__Source data__
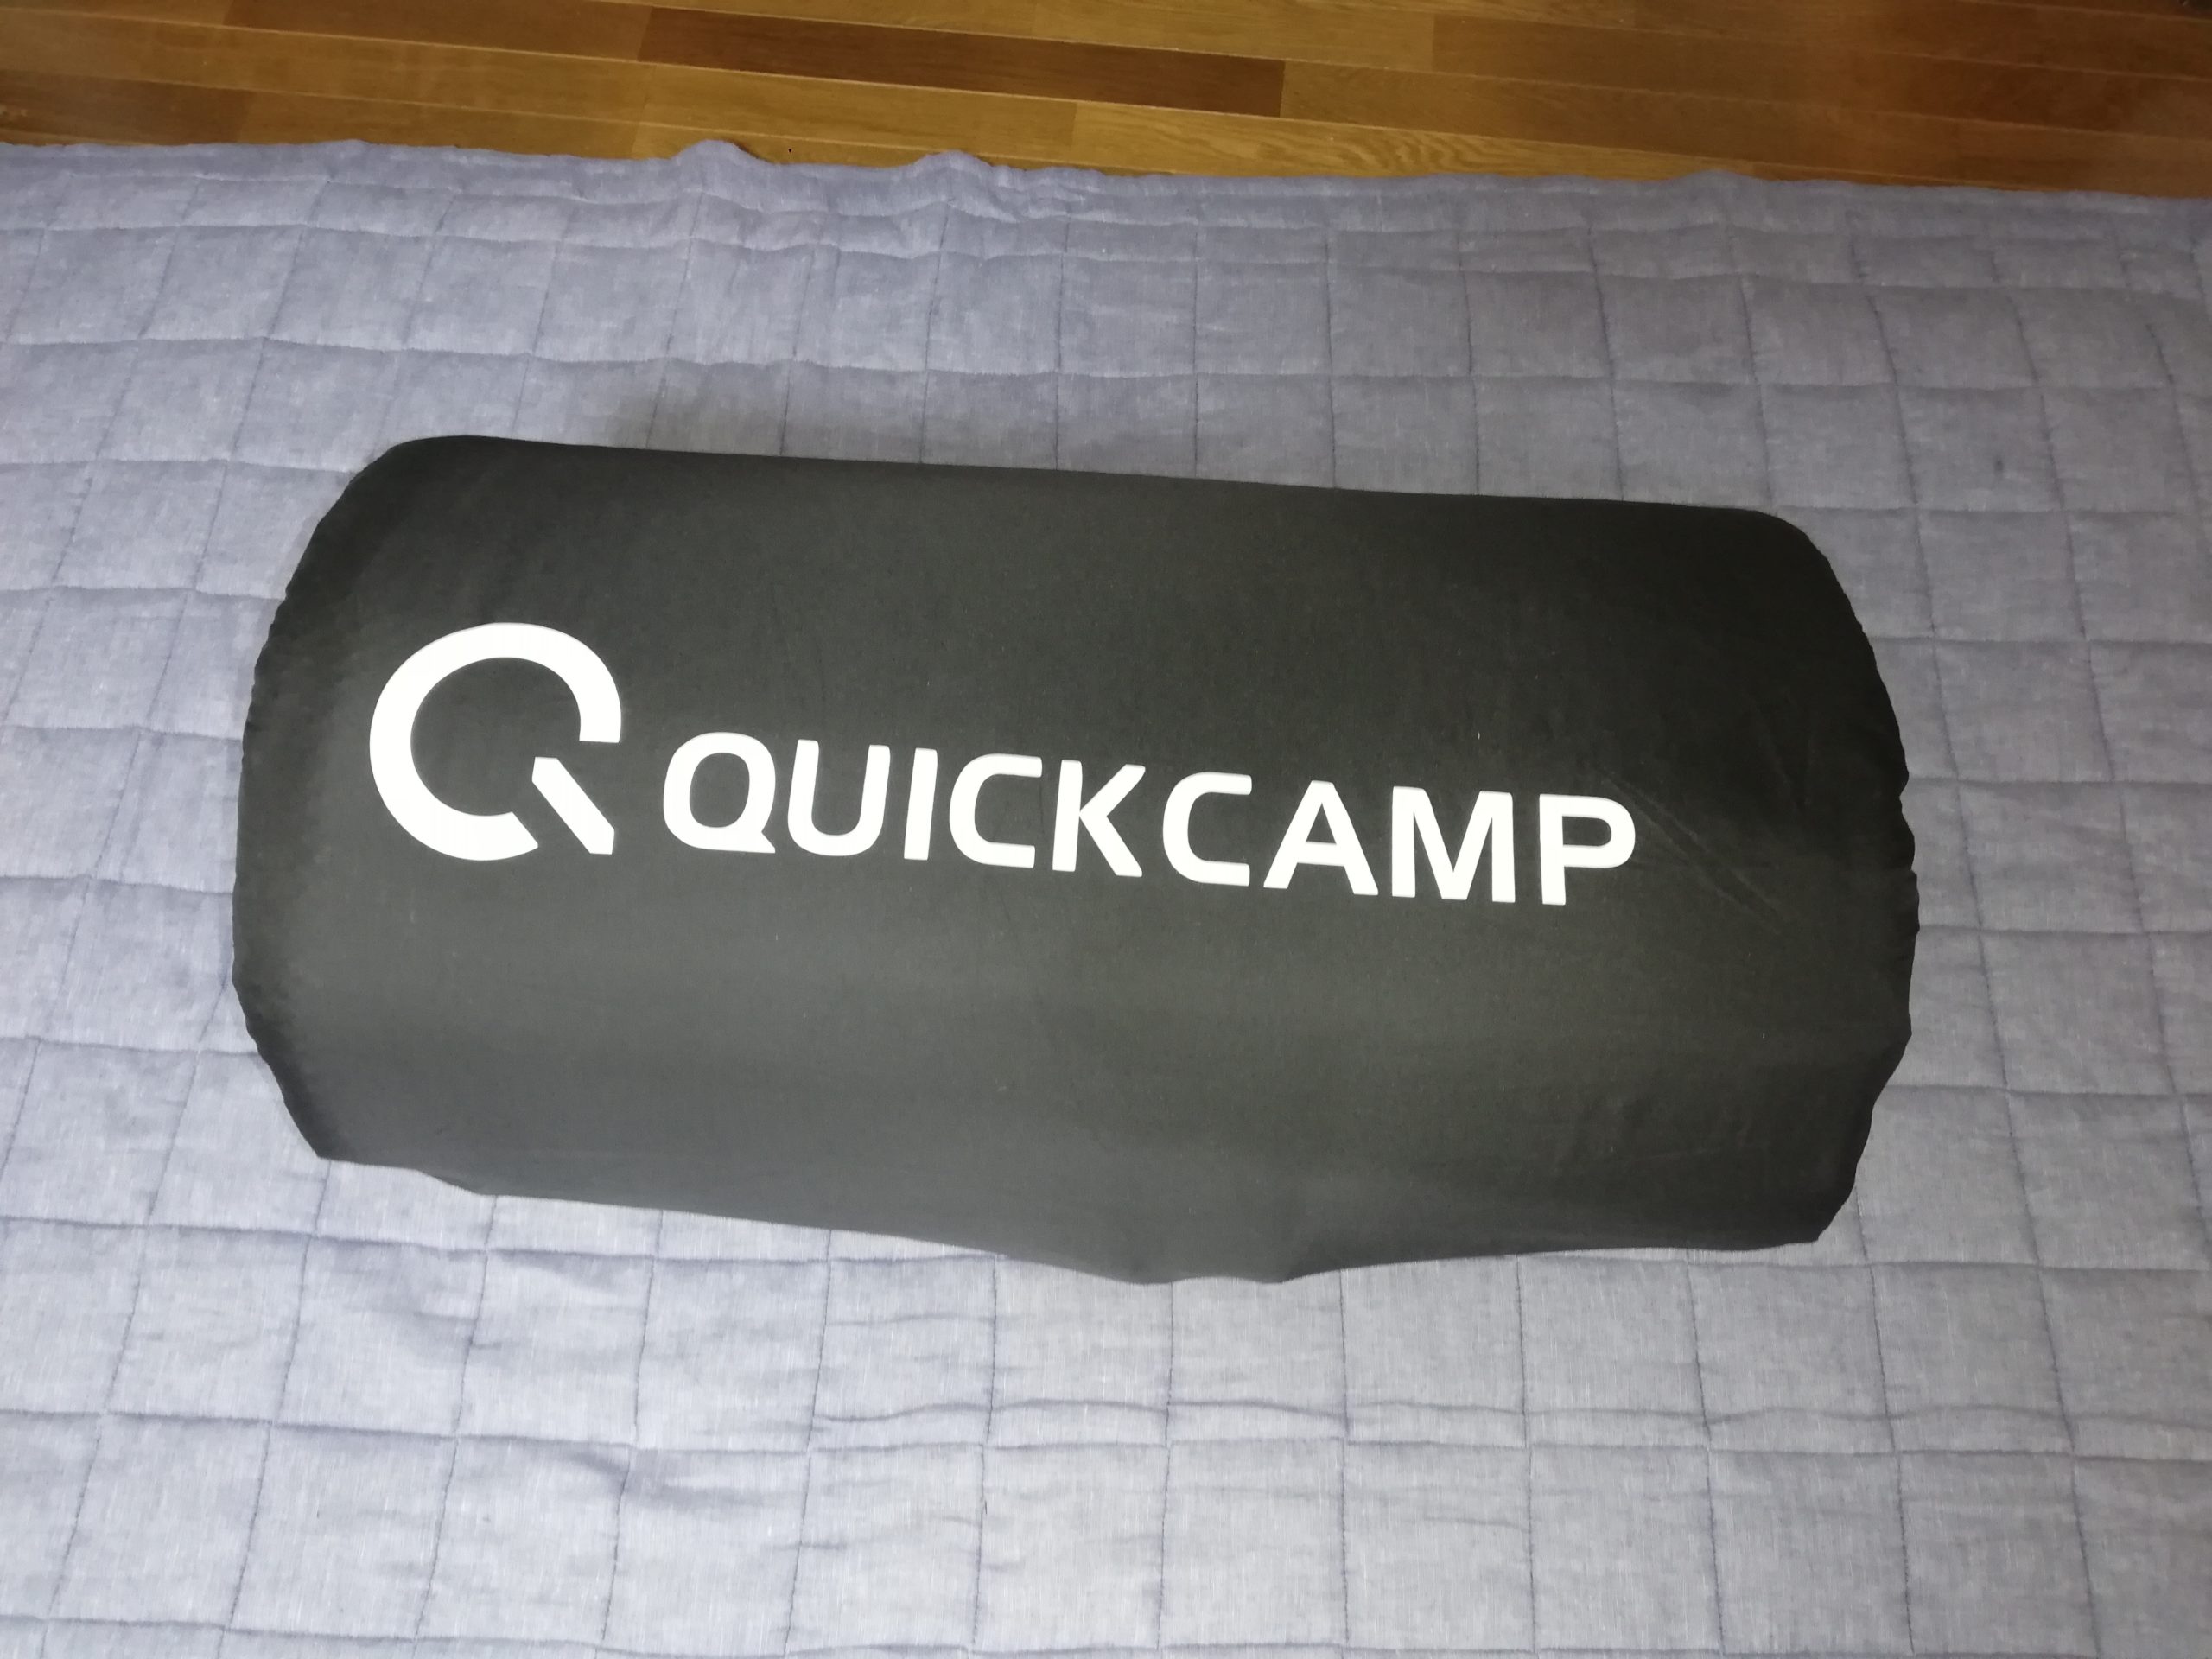 QUICKCAMP（クイックキャンプ）インフレータマット | 家族でキャンプへ 
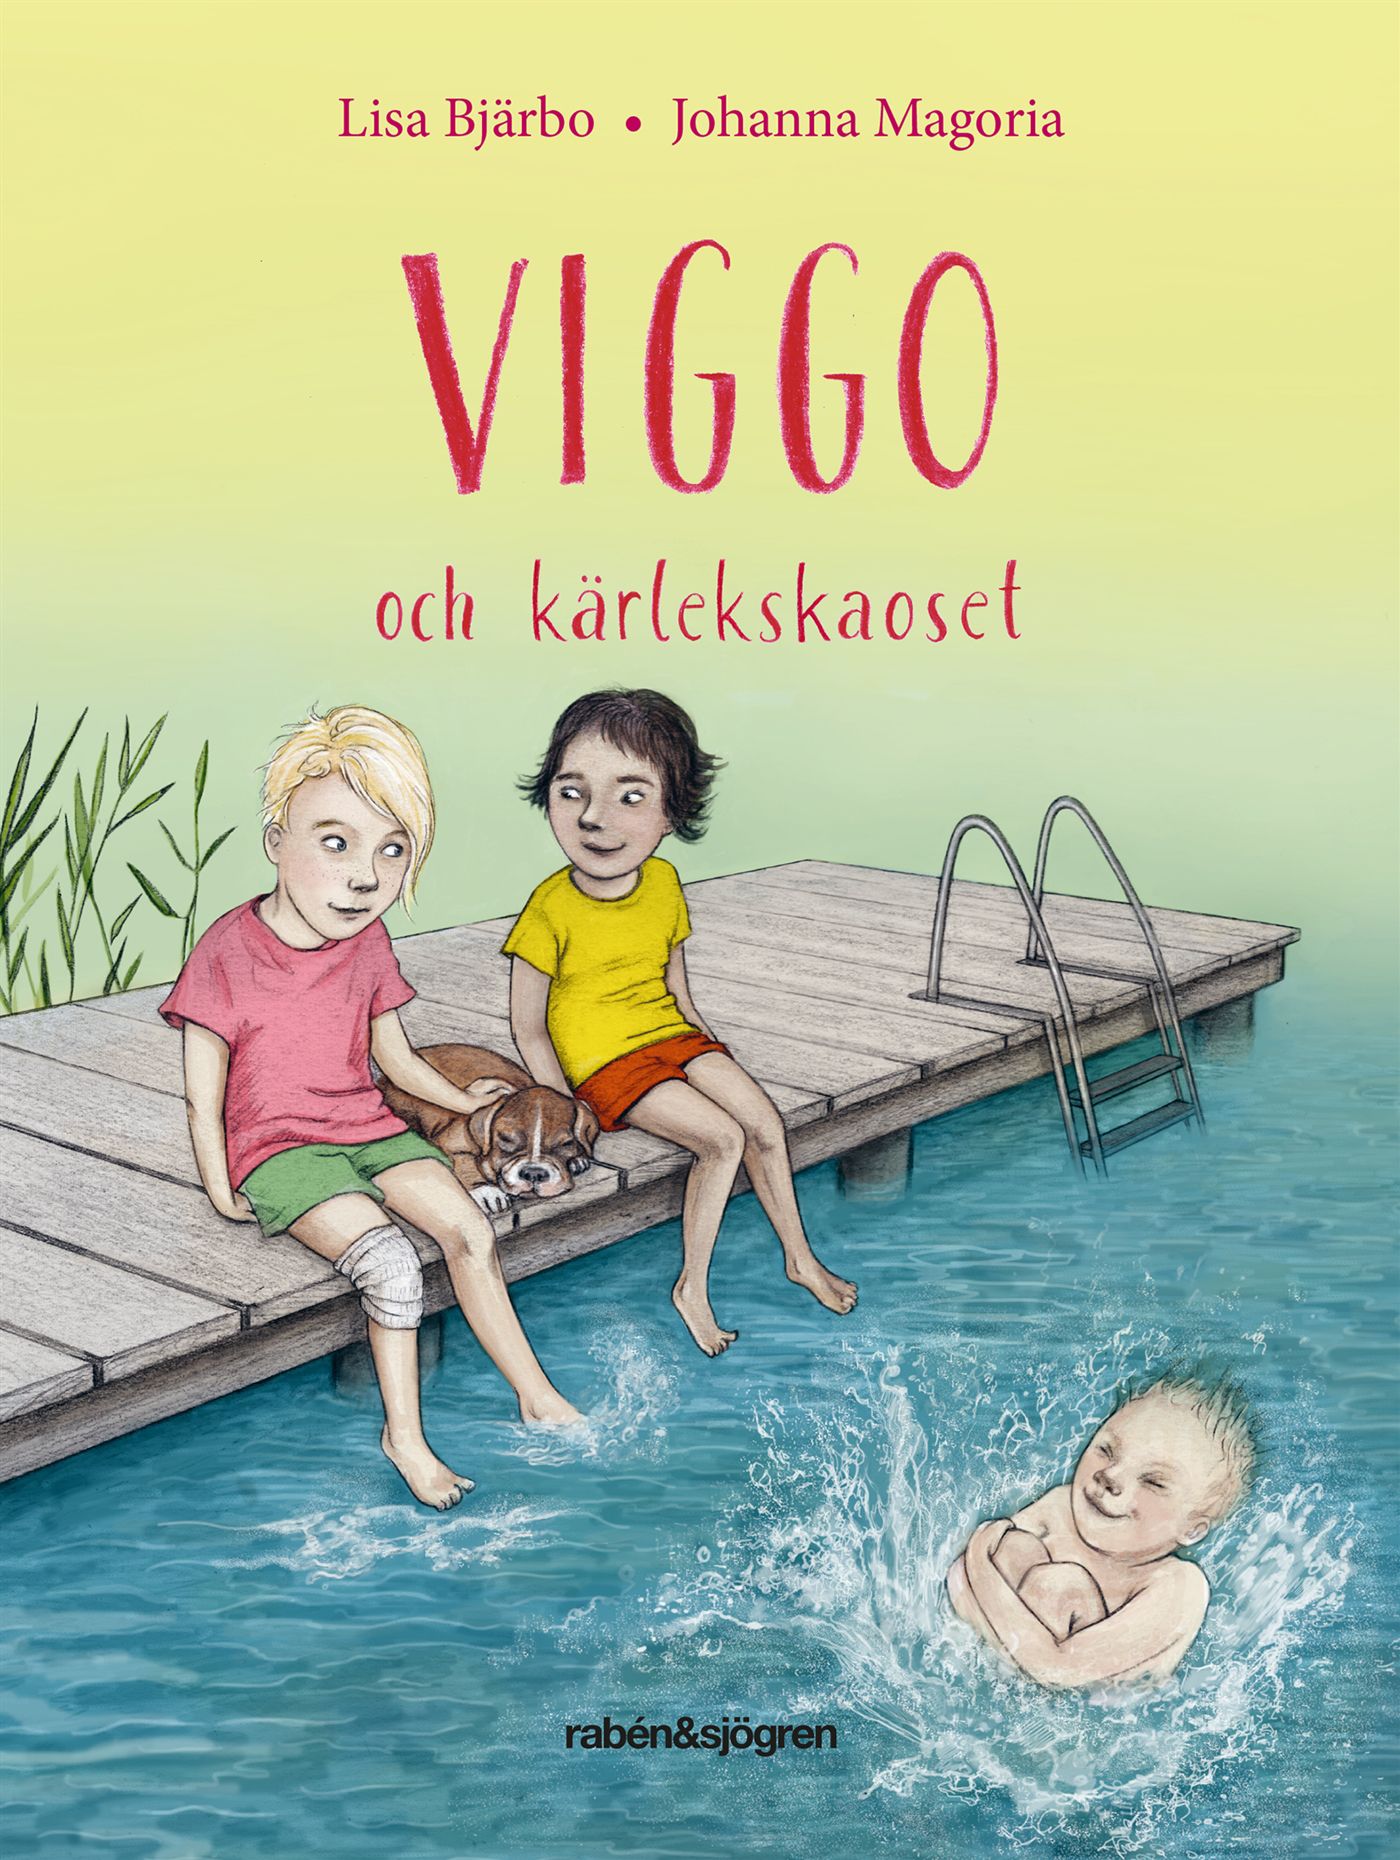 Viggo och kärlekskaoset, e-bok av Lisa Bjärbo
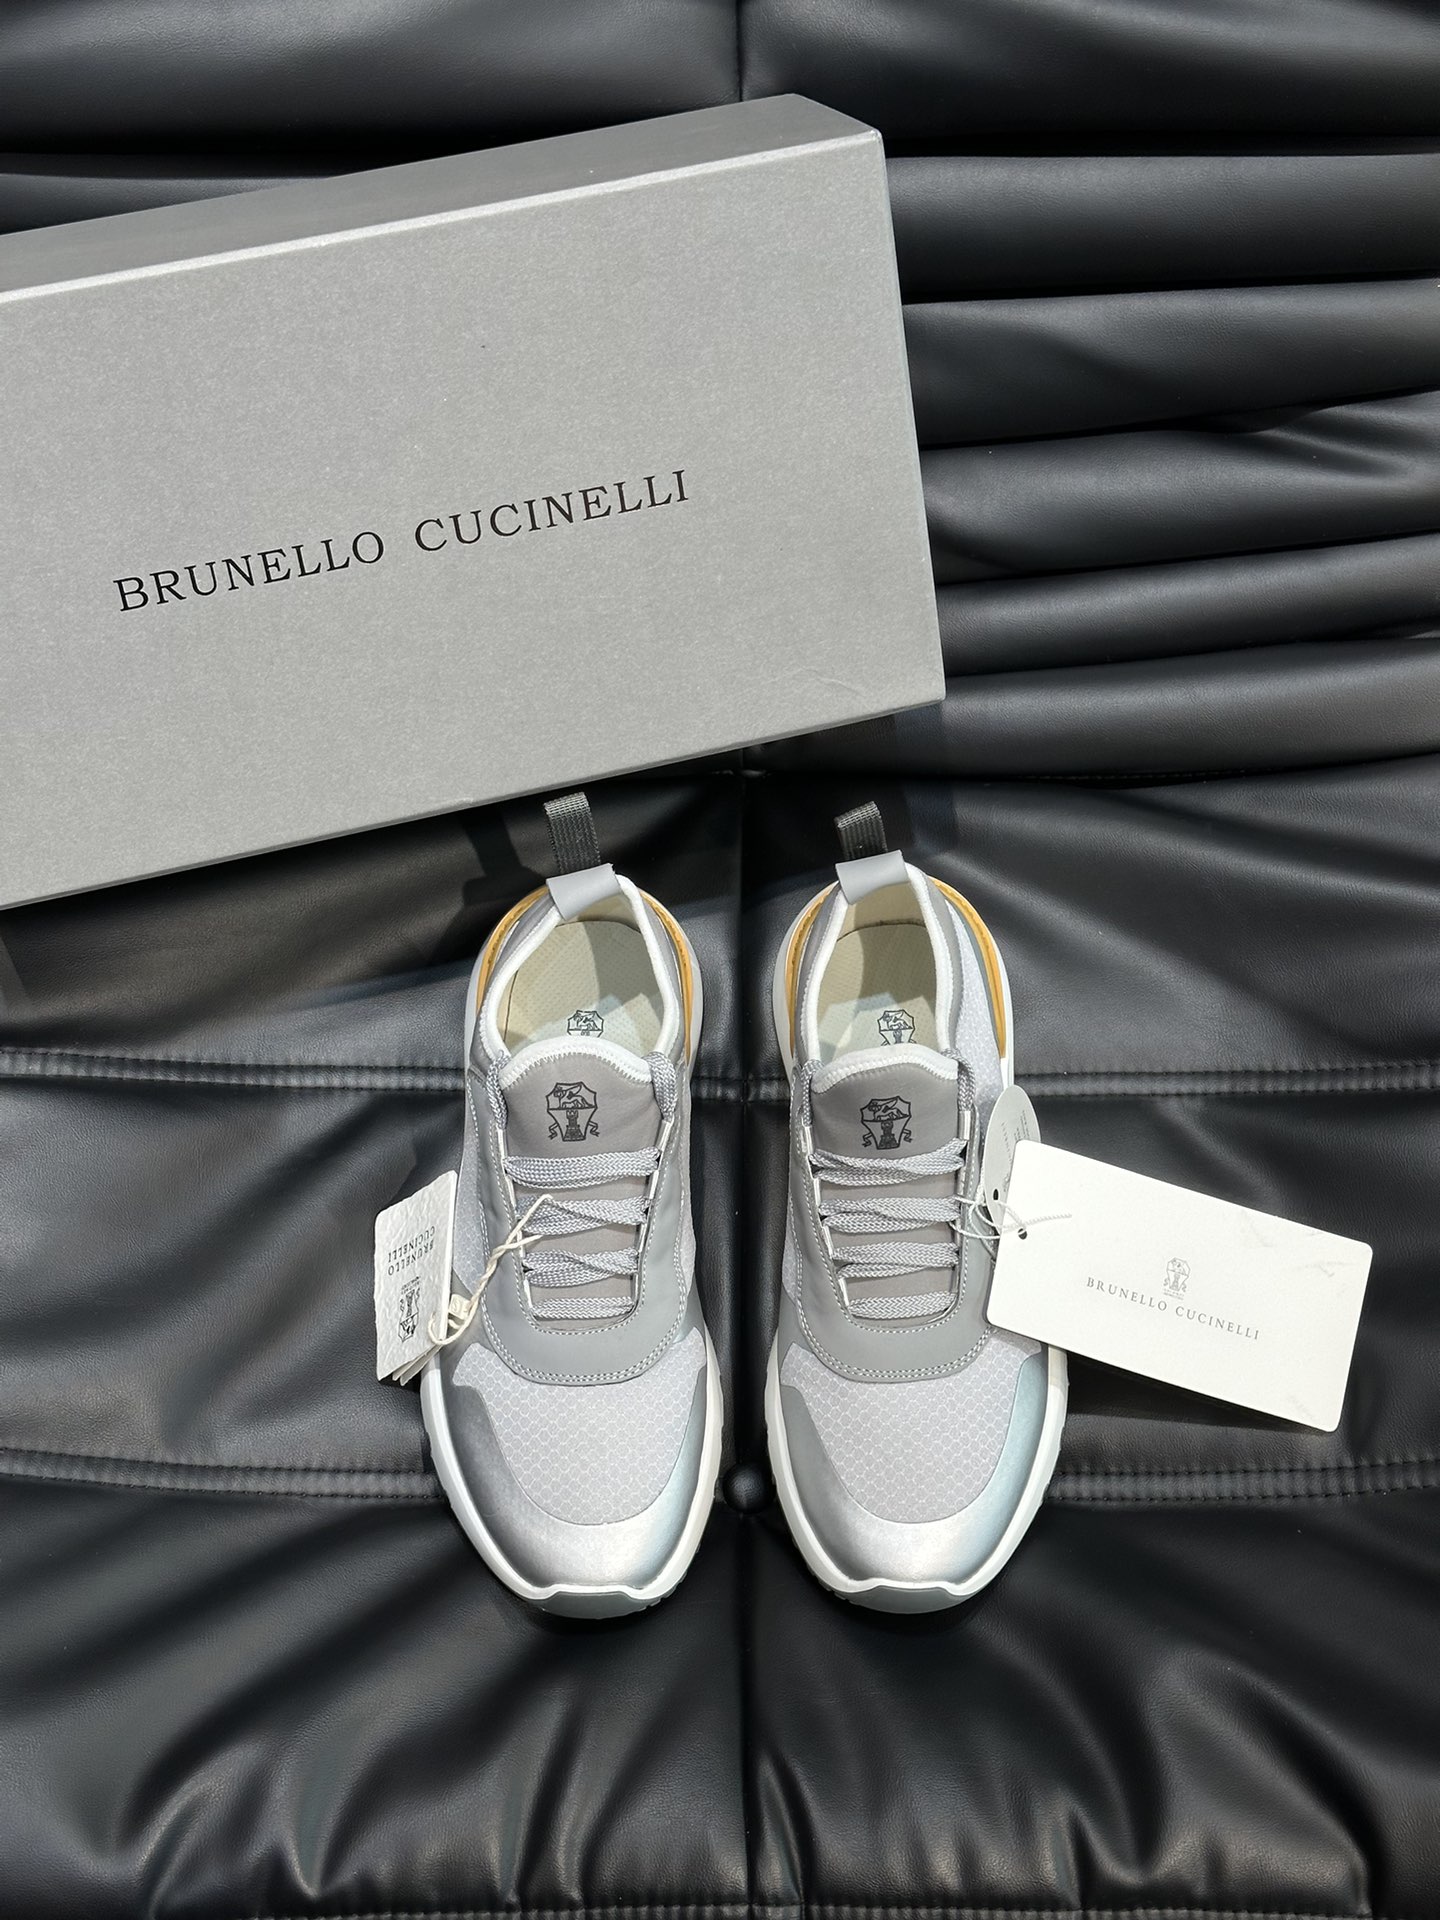 BrunelloCucinelli春夏新款拼色运动板男鞋此款运动鞋面料采用意大利进口高丝光水洗翻毛皮和意

__What is expected__
Output the listing above in full and exactly, with pictures excluded.

__Solution below__
 QUICKCAMP（クイックキャンプ）インフレータマット | 家族でキャンプへ 
 Viggo och kärlekskaoset, e-bok av Lisa Bjärbo
 BrunelloCucinelli春夏新款拼色运动板男鞋此款运动鞋面料采用意大利进口高丝光水洗翻毛皮和意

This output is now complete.